Biden’s already legendary corruption has worsened dramatically when given full access to the White House, but trying to bribe a foreign power to rig oil prices to keep control of Congress is outrageous even in the litany of White House scandals.
The quid pro quo here is potentially massive.
Biden’s NSC spokesman, John Kirby, warned that his boss would “take a look to see if that relationship is where it needs to be and that it is serving our national security interests.”
It’s not the national security interests at issue here, but Biden’s own political interests.
The Biden administration has already begun pulling out of regional security sessions in revenge for the Saudi refusal to prop up energy prices to help the Democrats retain control of Congress.
The carrot and the stick here involve foreign policy and billions in spending for a quid pro quo.
The Biden administration was using oil purchases and security cooperation as leverage to secure a foreign government’s help in the midterm elections. Senate Democrats are rushing to make the quid pro quo even more explicit by threatening to pull out anti-Iran defenses.

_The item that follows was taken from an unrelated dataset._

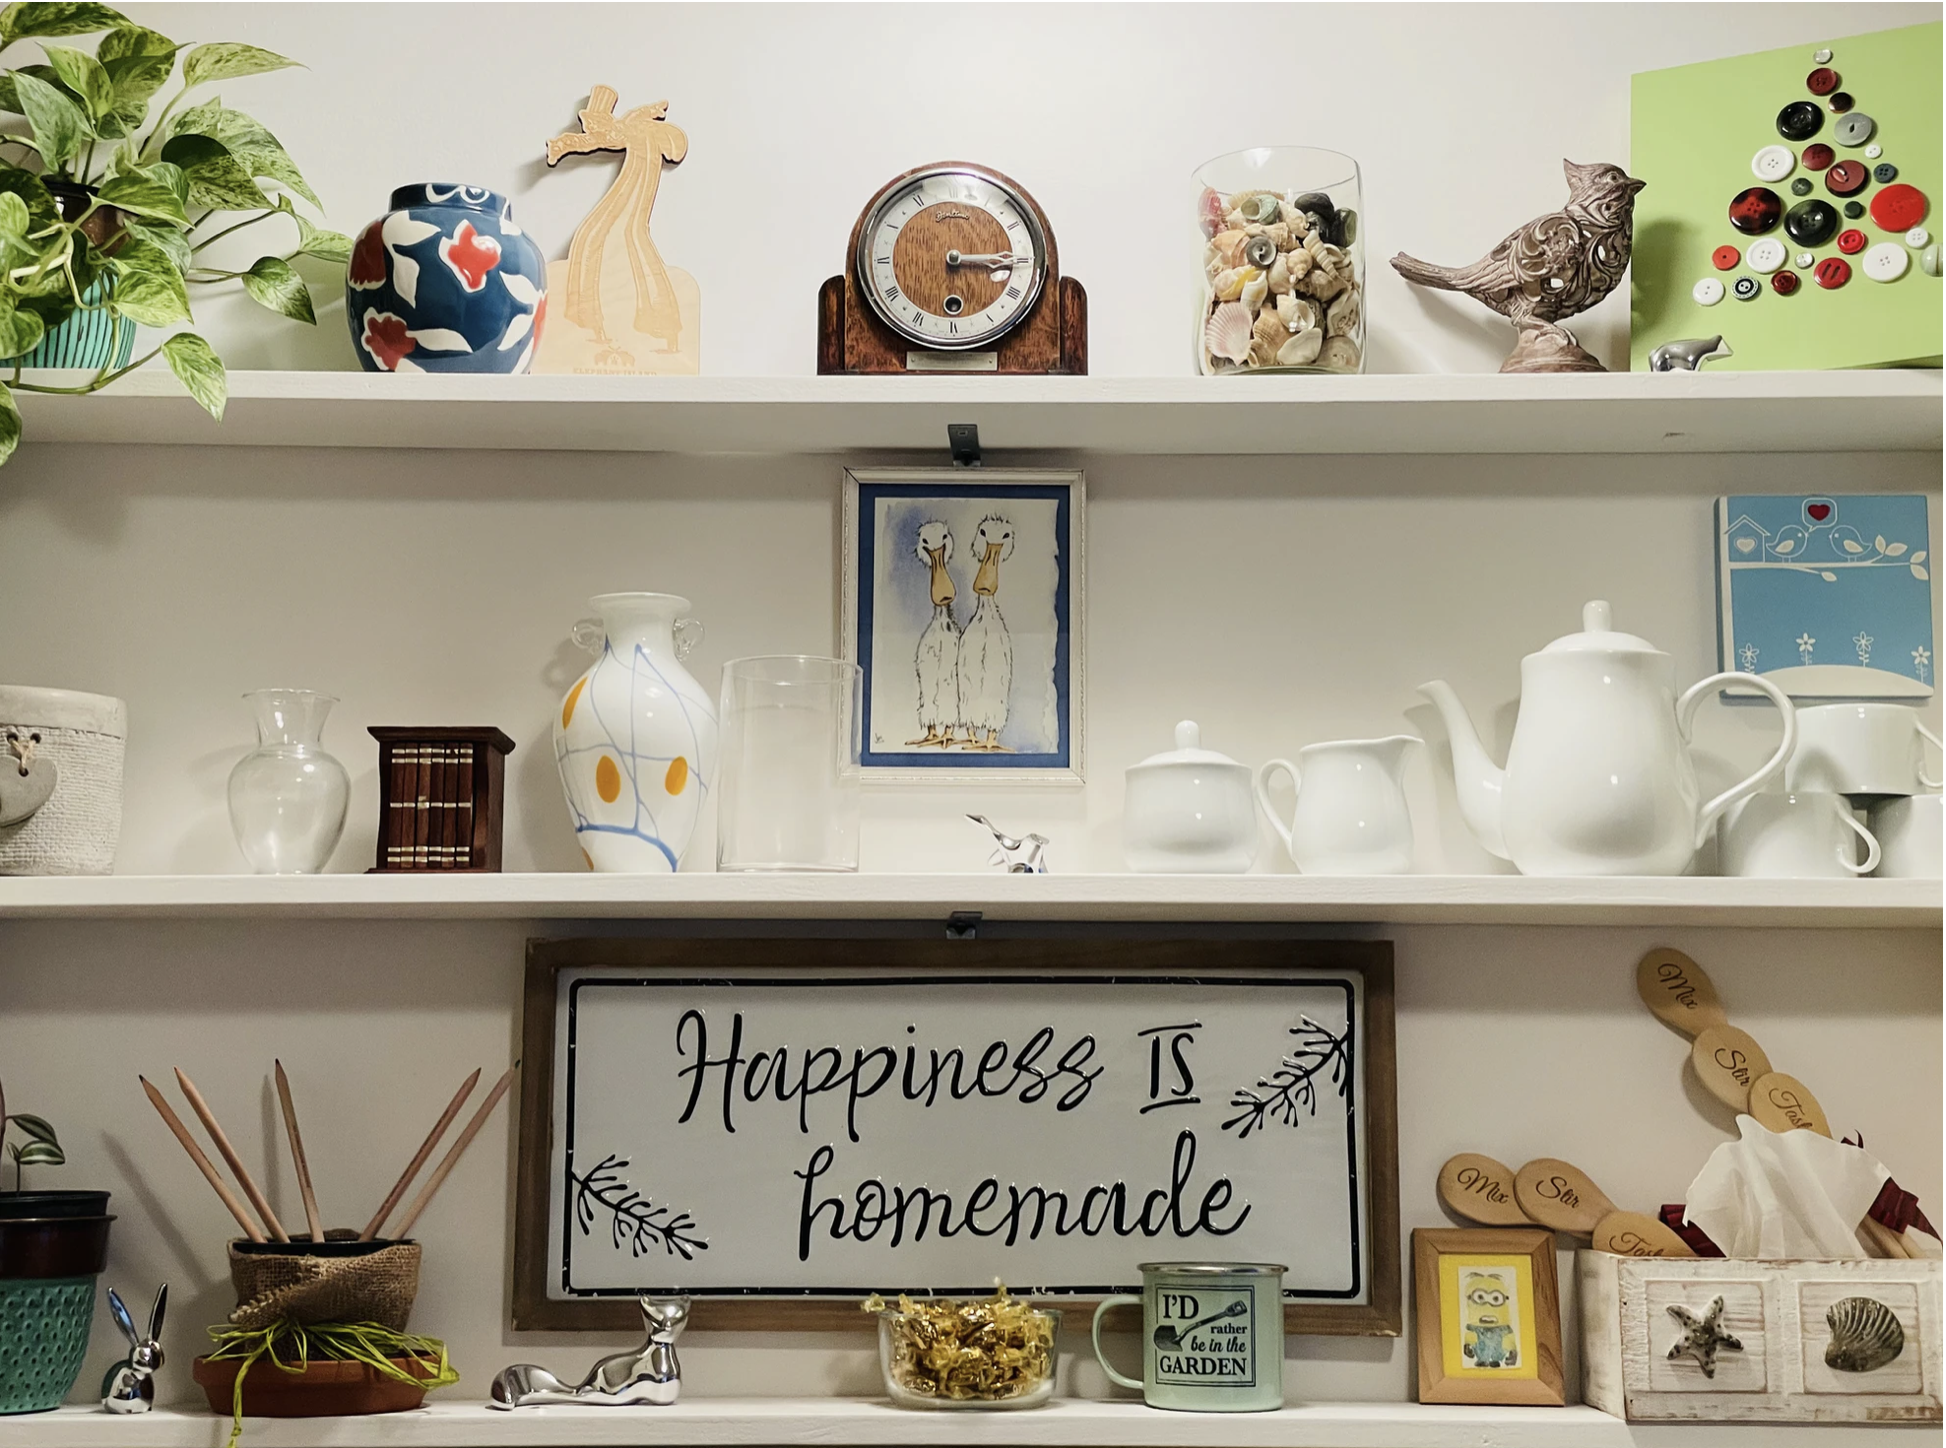 Clutter on kitchen shelves - plants, candies, a clock, and a tea set

Rep. Tom Malinowski, Rep. Sean Casten and Rep. Susan Wild, all of whom are running for reelection, introduced a bill calling for the removal of missile defense systems and troops from Saudi Arabia, to punish it for the pre-midterm production cut.

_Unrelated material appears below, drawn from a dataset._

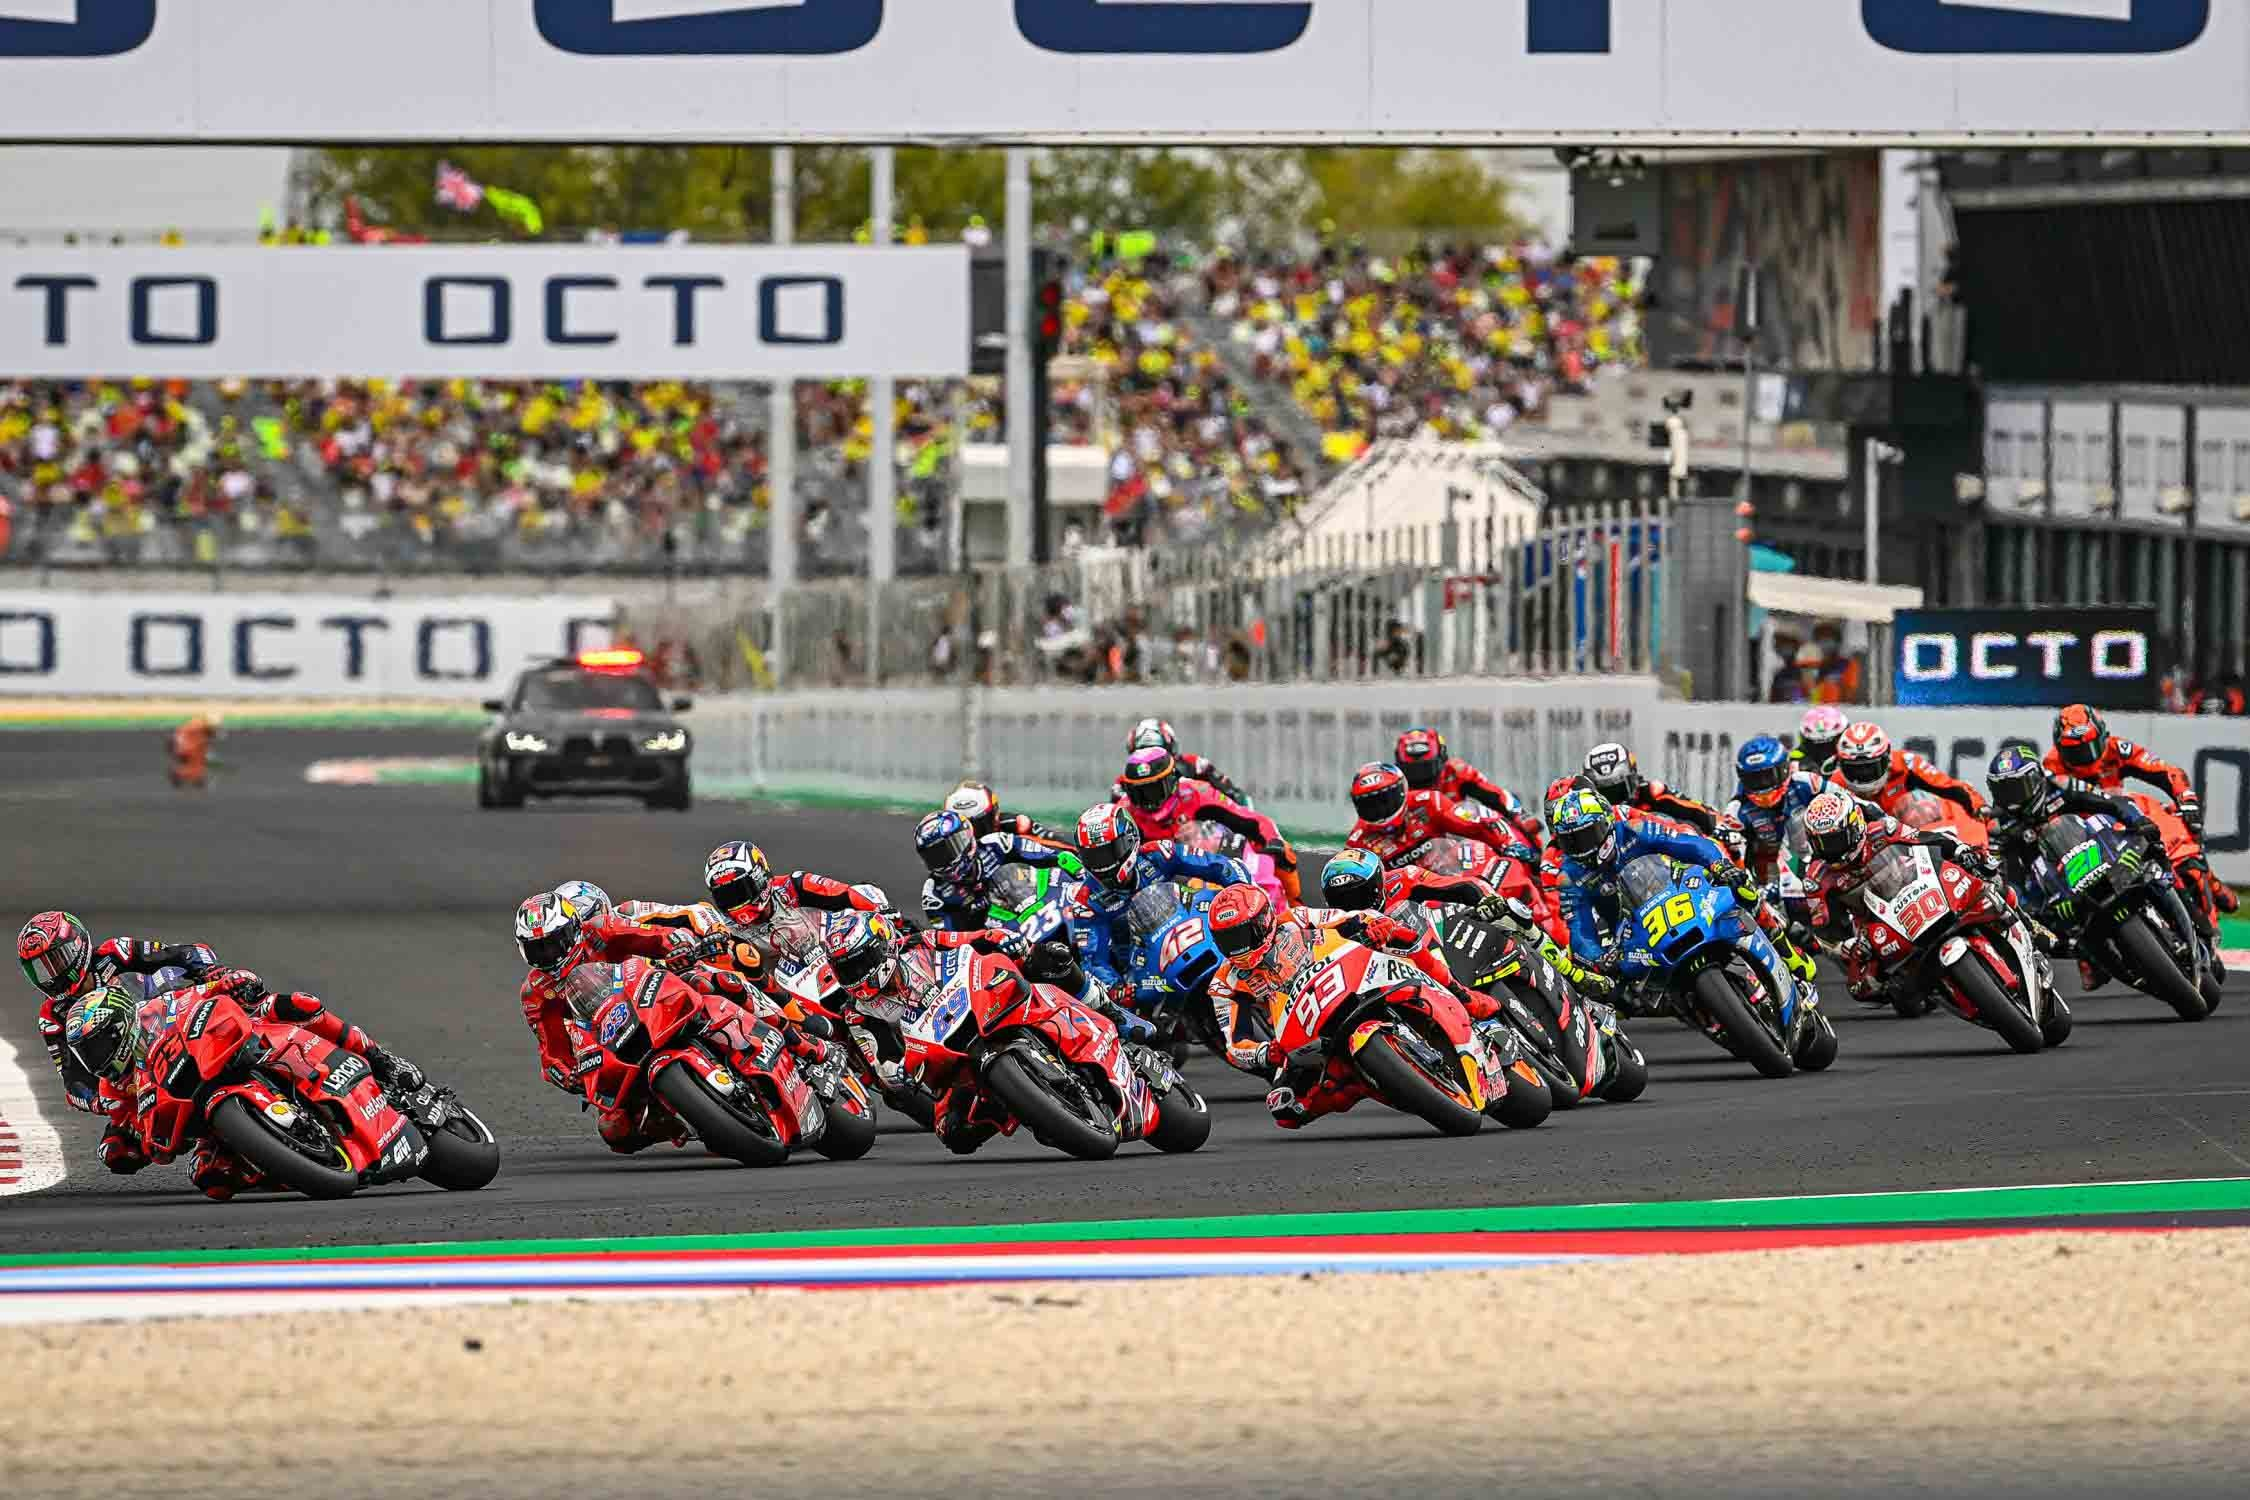 Indonesia Resmi Masuk Kalendar MotoGP!

“Saudi Arabia and the UAE’s drastic cut in oil production, despite President Biden’s overtures to both countries in recent months, is a hostile act,” the press release by the candidates stated.
As Biden said, “There’s going to be some consequences”.

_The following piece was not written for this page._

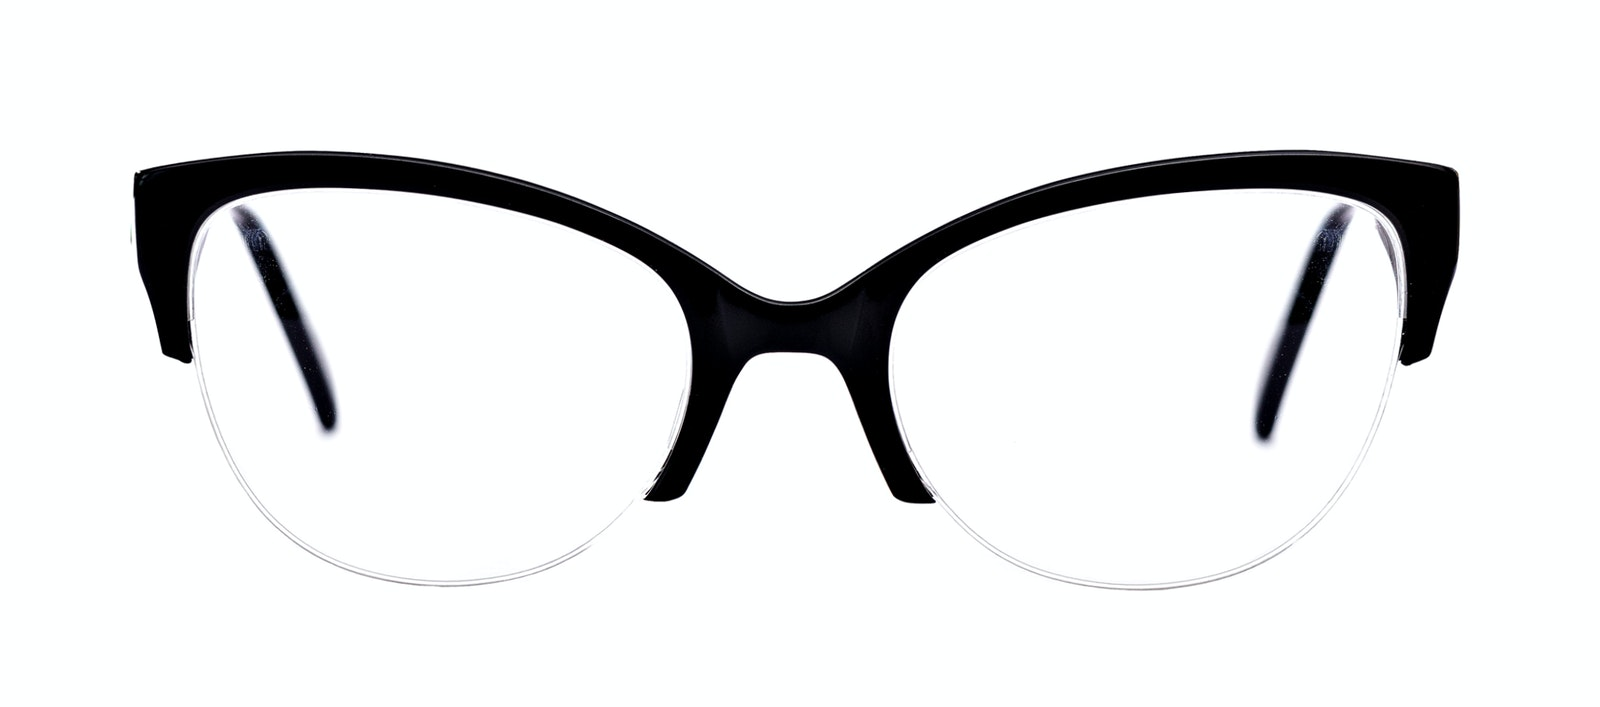 fdac7dc561 ... Affordable Fashion Glasses Cat Eye Eyeglasses Women Lovely Ebony Front  ...

Rep. Malinowski is running a tight race in a time when, as the New York Times described, “gas prices were soaring”. Susan Wild is running in another “bellwether” seat. It’s unlikely to be a coincidence that House Democrats who would have benefited the most from Biden’s Saudi quid pro quo are also the ones trying to punish the Saudis, not for Americans, but for themselves.
Rep. Malinowski voted to impeach Trump because, in his words, “by pressuring a foreign country”, he “used the powers of his office not for America but for himself”, “signaled that America’s foreign policy can be bought by anyone willing to interfere in our politics on his behalf” and “endangered our national security, and violated his oath of office.” All of these things are true of Biden and of his political accomplices inside and outside the administration.
Biden was caught trying to pressure a foreign country for his own political benefit. Had he just asked the Saudis to suspend the price cut without a specific timetable, he might have gotten away with it, but by timing it for a month, enough to clear the midterms, he indicted himself.
The Saudis revealed what Biden was up to and administration flunkies like Watson have denied the motive, but not the act. The next step is for Congress to investigate the quid pro quo.
Considering how many members of the current Congress were heavily invested in preventing a production cut before the midterms, it is unrealistic to presume that a corrupt and self-interested body can credibly investigate itself. Only after the midterms have cleaned house a little bit will it be possible to turn over some rocks and discover who knew what and what the exact deal was.
Biden’s strategic oil reserve releases timed to the midterms were bad enough. There was a time when such nakedly calculated abuses of government assets and taxpayer money might have even been impeachable, but we live in times when politicians routinely engage in such plunder.
Trying to bribe a foreign government to interfere in our election is a whole other matter.
The Democrats were the ones who set the precedent with the first Trump impeachment. And that should be Biden’s first impeachment too. Whether it will be his last is up to Congress.